Another thing I have to criticize about Portal 2 is the addition of bigotry to the humour. After playing Portal 2, I played back through Portal for comparison; there is no overtly bigoted dialogue in the game, or even any subtle bigotry as far as I could see. In fact, the game consists of two strong female characters in conflict, with nary a man in site. It blows the Bechdel Test out of the water.
On the other hand, Portal 2 resorts to ableism, sizeism, and sexism (by way of appearance/body shaming) for some of its humour. What’s more, there are subtly sexist assumptions underlying the jokes; GLaDOS plays the part of the stereotypical “woman betrayed by another woman”, and is thus written as needing to attack Chell in a way that will make her feel insecure about herself. And, obviously, the best way to make a woman feel insecure is to attack her appearance. “You’re fat, and your clothes look bad.” Because clearly (goes the sexist thought pattern), all women care about is their appearance, and thus such a jab would make any woman feel insecure.

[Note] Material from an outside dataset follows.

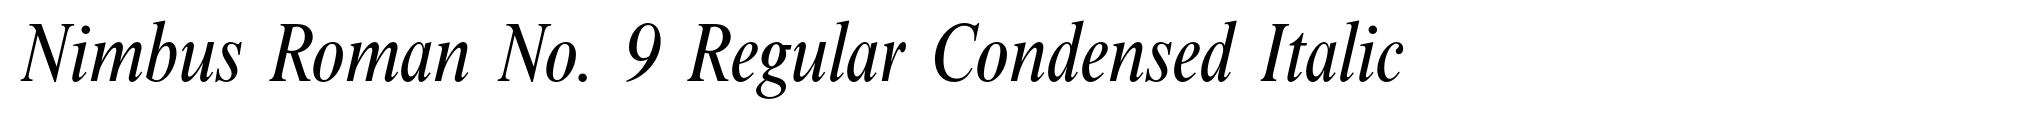 Nimbus Roman No. 9 Regular Condensed Italic image

Portal 2 is the multi-million dollar blockbuster sequel to a compelling, cerebral, and very weird independent film, and it shows. The thing is, it is still an absolutely fantastic game, with beautiful and well-designed visuals, great writing and acting (the line ‘Caroline Deleted’ was a pitch-perfect delivery, in particular), fun gameplay all around, and some pretty decent puzzles to solve. And it is the only sequel Portal could have had - it was this or nothing. Because you can’t do a compellingly weird independent sequel; it would diminish the original by attempting to imitate it.
Final Score: Potato
1Note that I am not actually claiming, here, that Democracy is good. It was just an example2
2Note that I am not actually claiming, here, that Democracy is bad. It was just a clarification.